Wednesday 20 April 2011

La Sagouine at the Segal Centre

The famous one-woman play of Acadian folklore is a tour-de-force for Viola Léger who plays the eponymous old crone. Eighty-years old and with more than 1000 performances behind her, Léger actually is la sagouine - it doesn't feel like a performance. The humour is gentle and the atmosphere wistful; this is not a challenging work but casts light on a culture and people who aren't often seen.

We went on a Thursday night, when the audience was a mixture of the young and old with little in-between; Martine and I were about the only 40-somethings there. Maybe it's different on a Saturday night when kids don't need help with homework and the dishes can wait 'til next morning.

In praise of Julia Donaldson. Oh and Spike Milligan too.

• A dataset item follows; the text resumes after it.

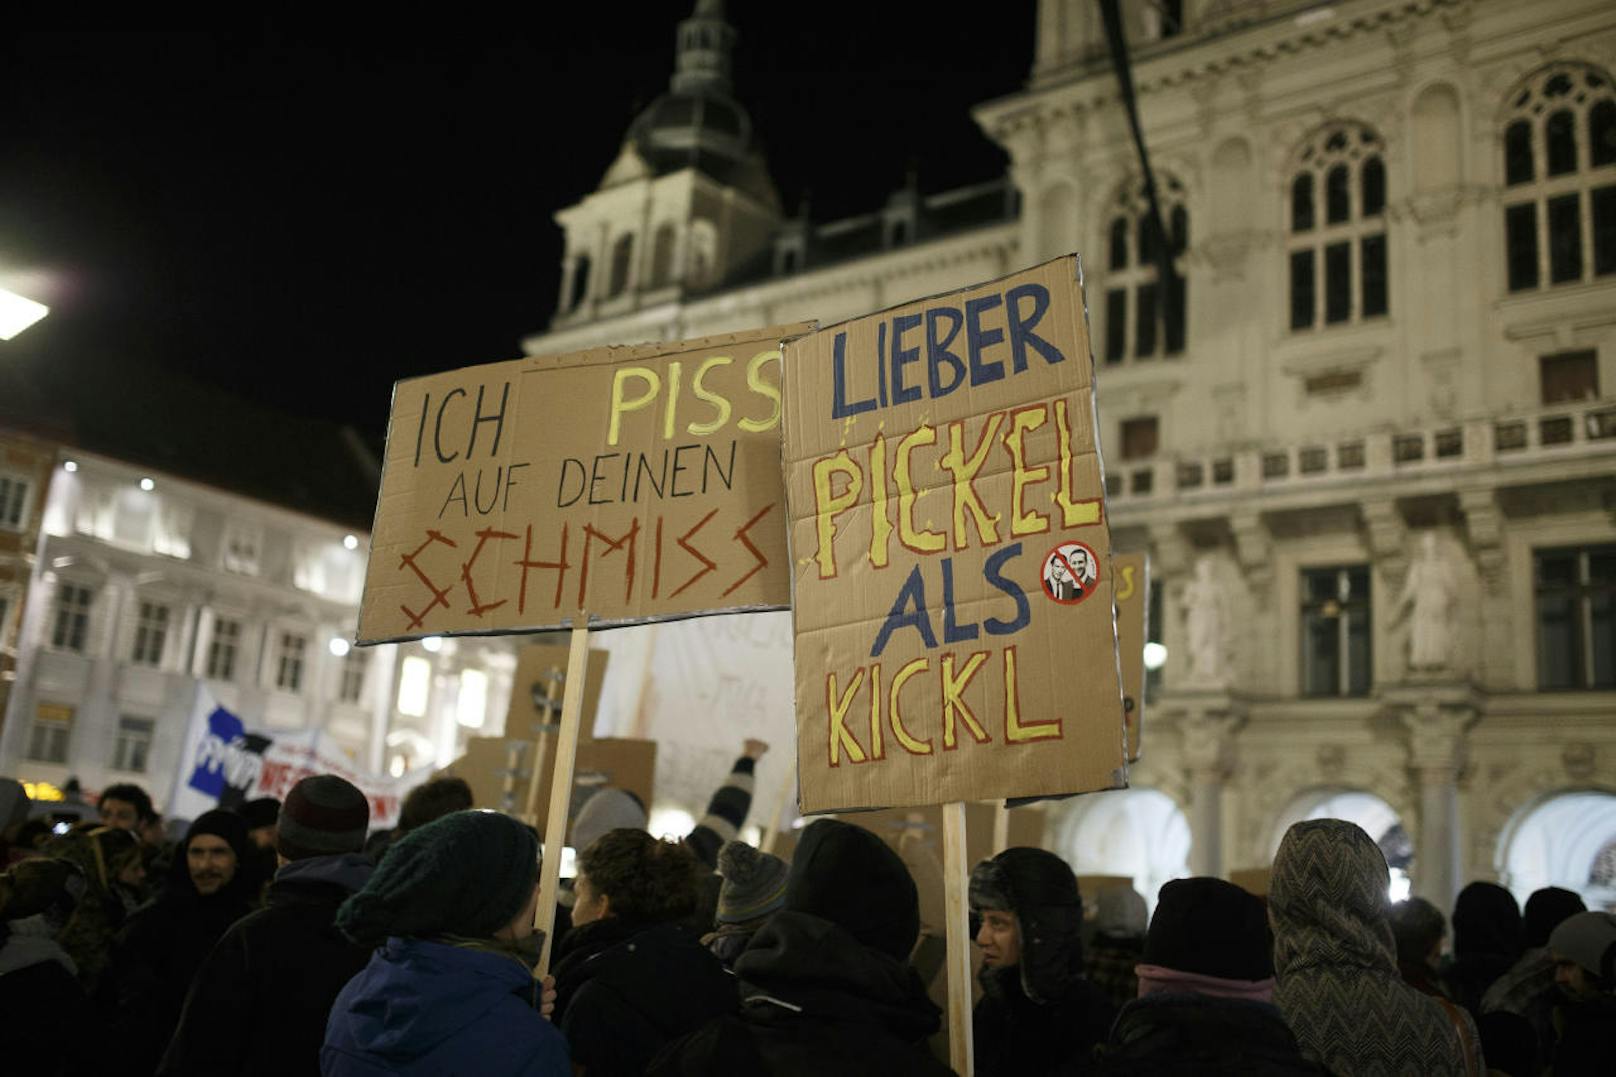 Spöttisch zeigten sich die Plakate gegen die FPÖ-Politiker. "Lieber Pickel als Kickl", war gegen Innenminister Herbert Kickl oder ...
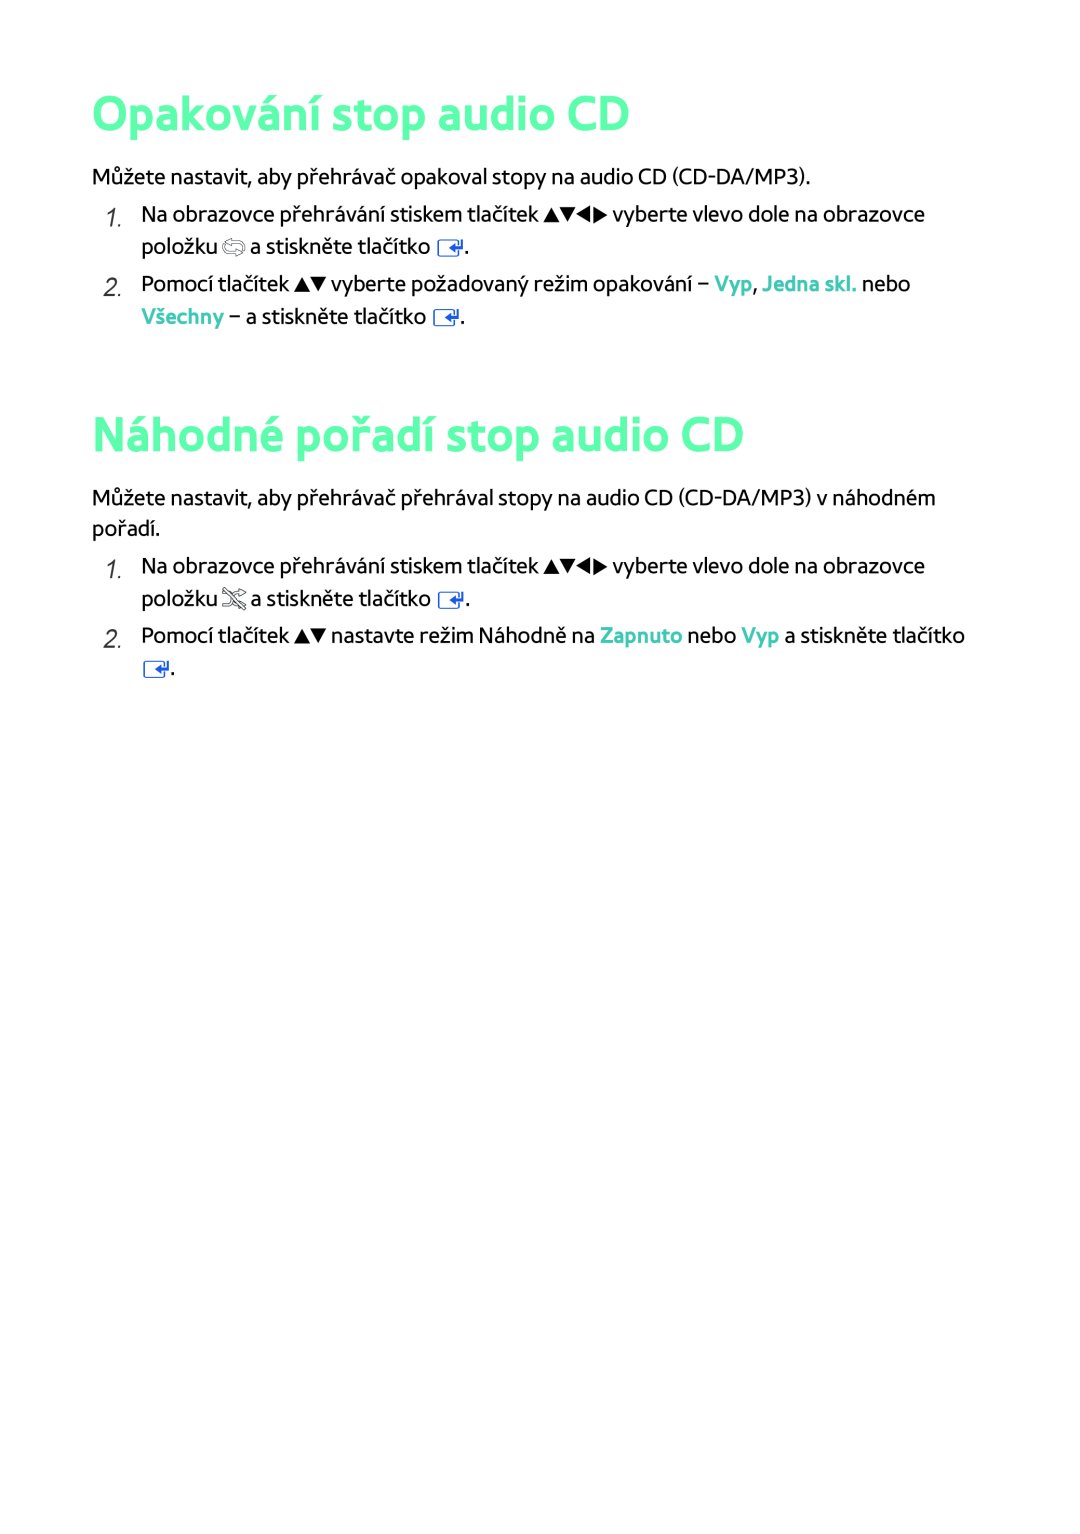 Samsung BD-F6900/EN, BD-F8900/EN, BD-F8500/EN manual Opakování stop audio CD, Náhodné pořadí stop audio CD

Bed-time stories are over for another night and in a few short years they'll be over for good when Philou starts reading for himself. Like his brothers before him, Philou follows the adventures of "The Gruffalo", "The Smartest Giant in Town" and other fantastic creatures. I must have read some of these stories a hundred times, yet many of them are still a pleasure every night. But in my experience most books for young children are very poorly written; imaginative storylines and beautiful illustrations are rightly emphasized but often at the expense of the musicality and tonality of the writing, yet these are vital if the parent is to make the story come alive. There's so much flat and dull writing around that I really appreciate all of the books by Julia Donaldson which are quite wonderful to read aloud.

"His eyes are orange, his tongue is black;
He has purple prickles all over his back"

Oh and Spike Milligan too. "On the Ning Nang Nong" is quite the perfect poem to read to three-year-olds, who have it off-by-heart after two nights.